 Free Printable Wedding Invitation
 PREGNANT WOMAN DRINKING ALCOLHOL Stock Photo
==
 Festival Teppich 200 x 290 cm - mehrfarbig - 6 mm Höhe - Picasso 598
--
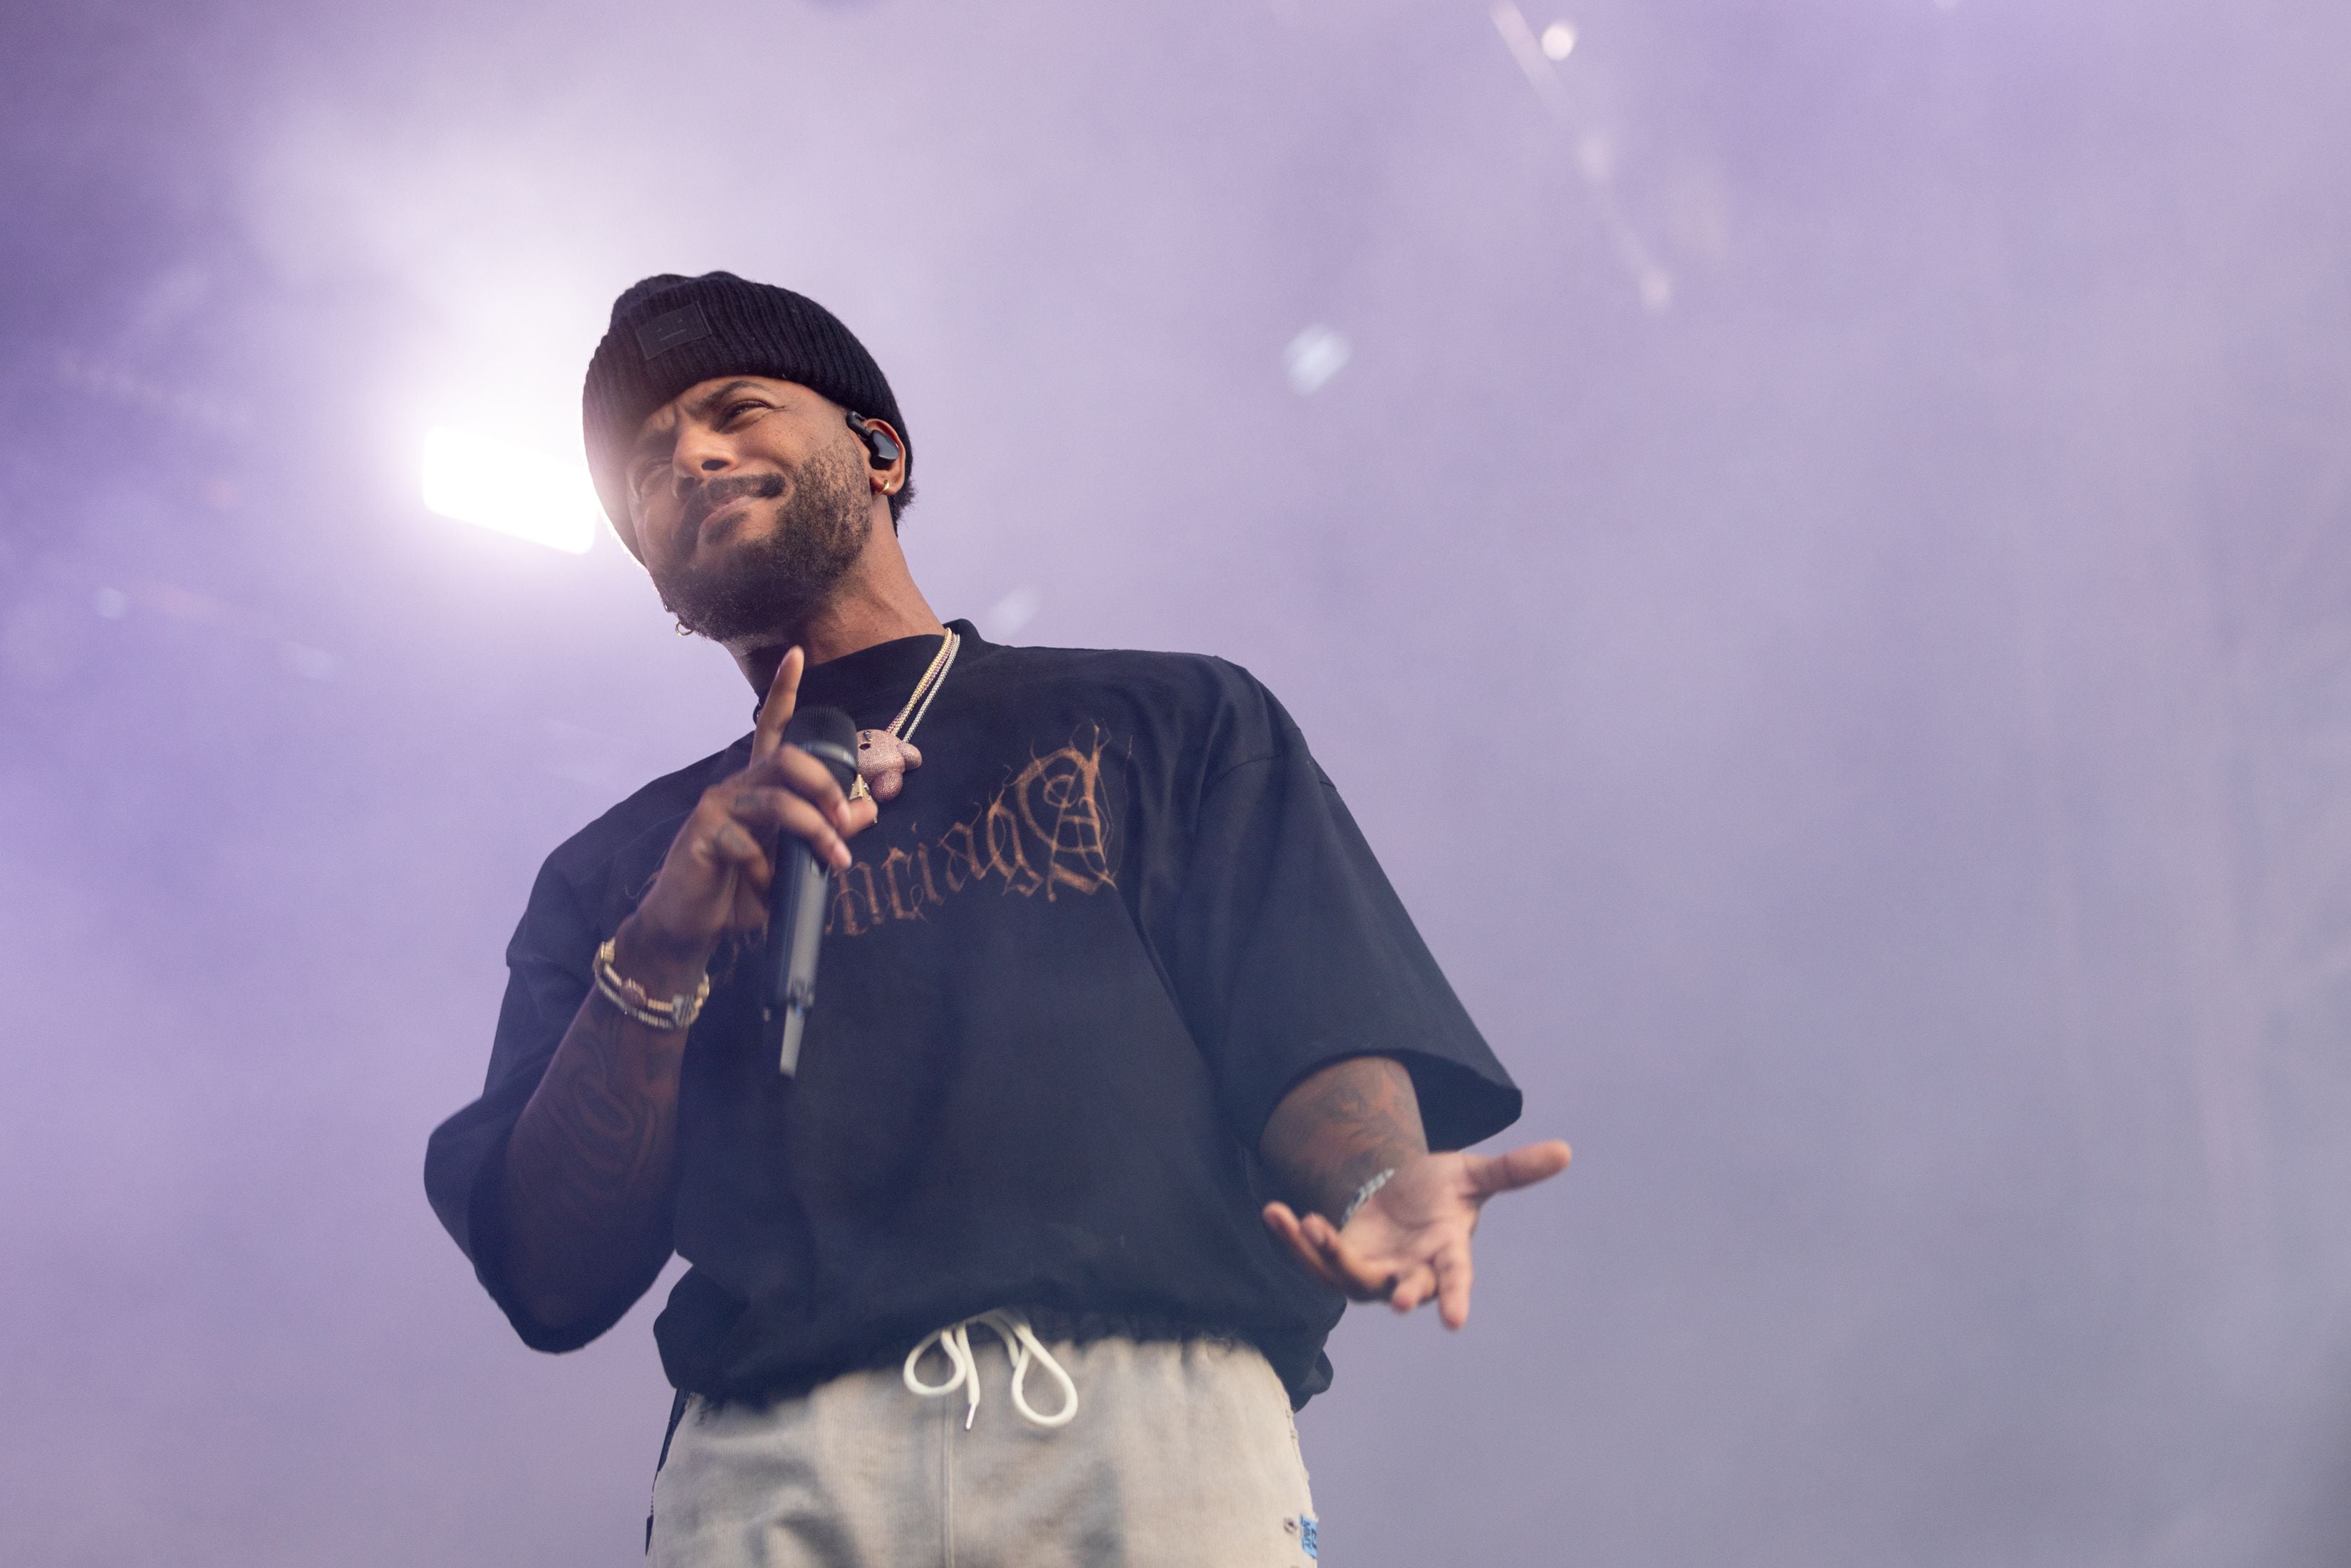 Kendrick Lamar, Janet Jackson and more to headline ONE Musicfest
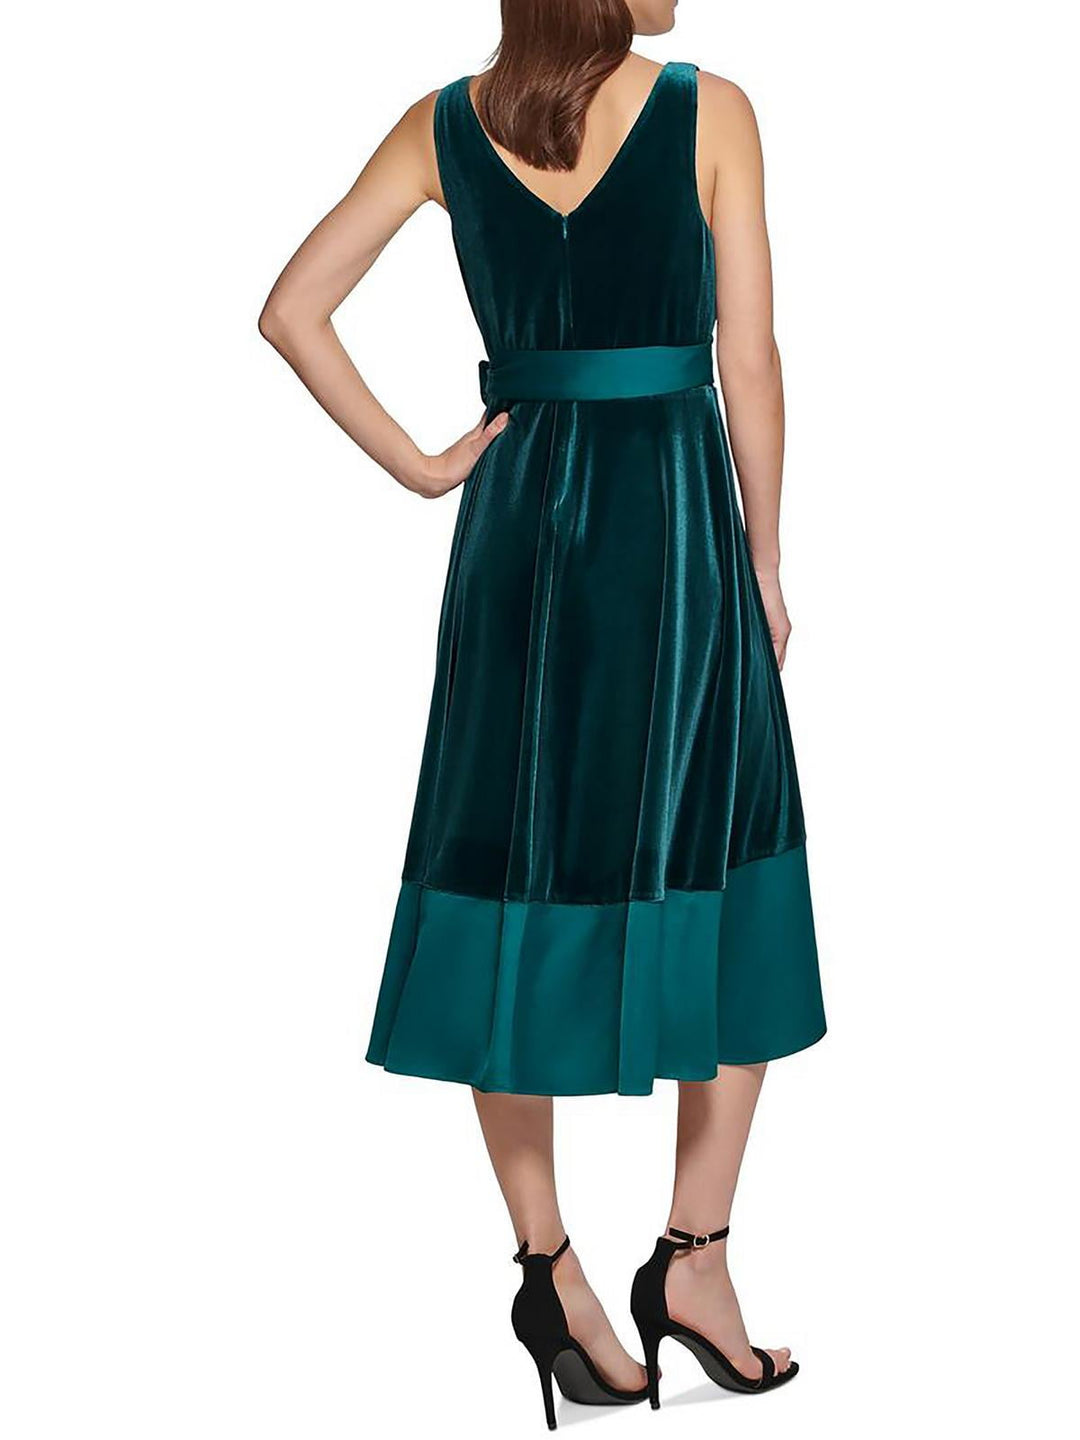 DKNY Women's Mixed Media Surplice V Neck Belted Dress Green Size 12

◆ **Work to complete**:
Starting at the line above that contains "Free Printable Wedding Invitation", repeat each line exactly up to and including the line that contains "PREGNANT WOMAN DRINKING ALCOLHOL Stock Photo", and stop there.

◆ **Written solution**:
 Free Printable Wedding Invitation
 PREGNANT WOMAN DRINKING ALCOLHOL Stock Photo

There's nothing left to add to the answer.